→ PROBLEM DETAILS: Beneath this instruction is a listing. Transcribe from it only the stretch from the line with "Sala para aluguel" through the line with "Ein junges Mädchen", both end lines included, exactly as written.

→ DATA FOR PROCESSING:
* * * * * * * * *
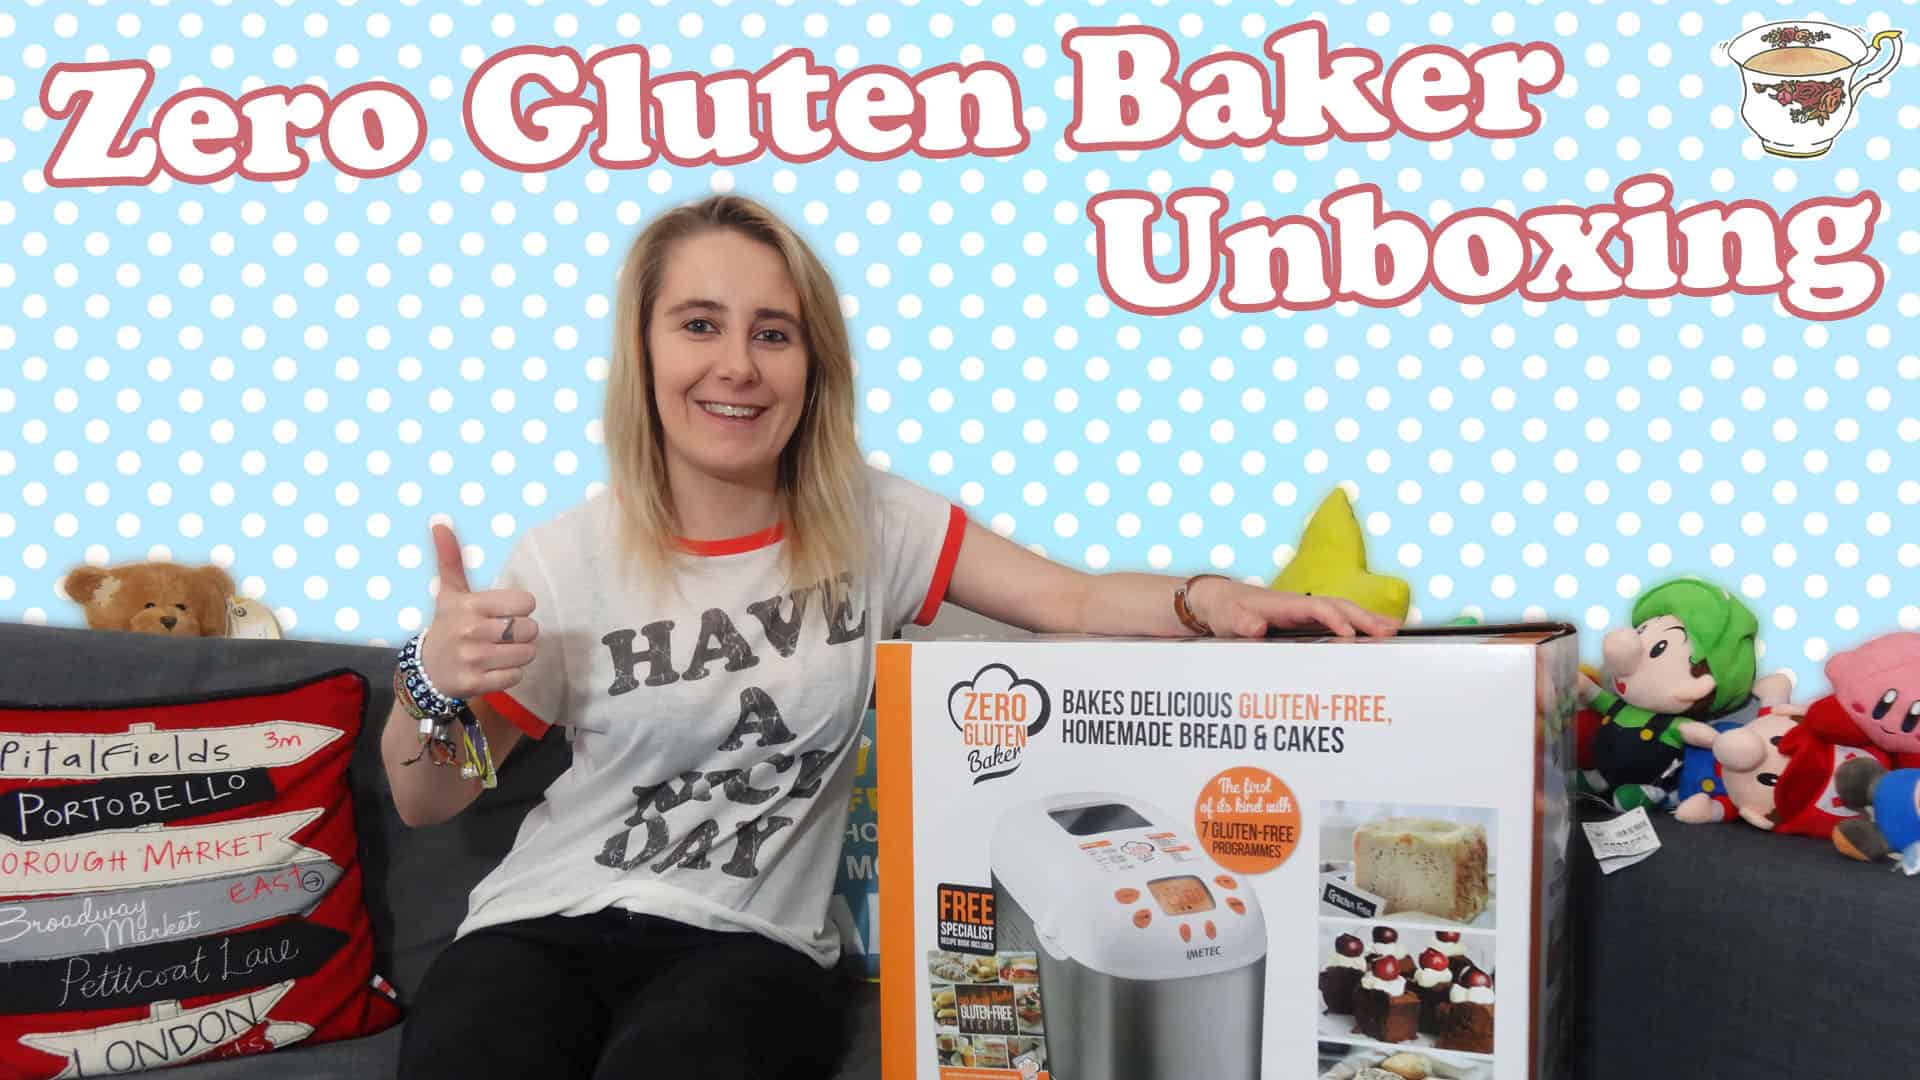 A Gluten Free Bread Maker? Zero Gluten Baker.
* * * * * * * * *
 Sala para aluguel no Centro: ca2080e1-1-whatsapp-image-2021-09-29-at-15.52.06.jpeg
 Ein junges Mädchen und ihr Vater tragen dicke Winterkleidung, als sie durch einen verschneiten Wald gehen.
* * * * * * * * *
→ RESPONSE:
 Sala para aluguel no Centro: ca2080e1-1-whatsapp-image-2021-09-29-at-15.52.06.jpeg
 Ein junges Mädchen und ihr Vater tragen dicke Winterkleidung, als sie durch einen verschneiten Wald gehen.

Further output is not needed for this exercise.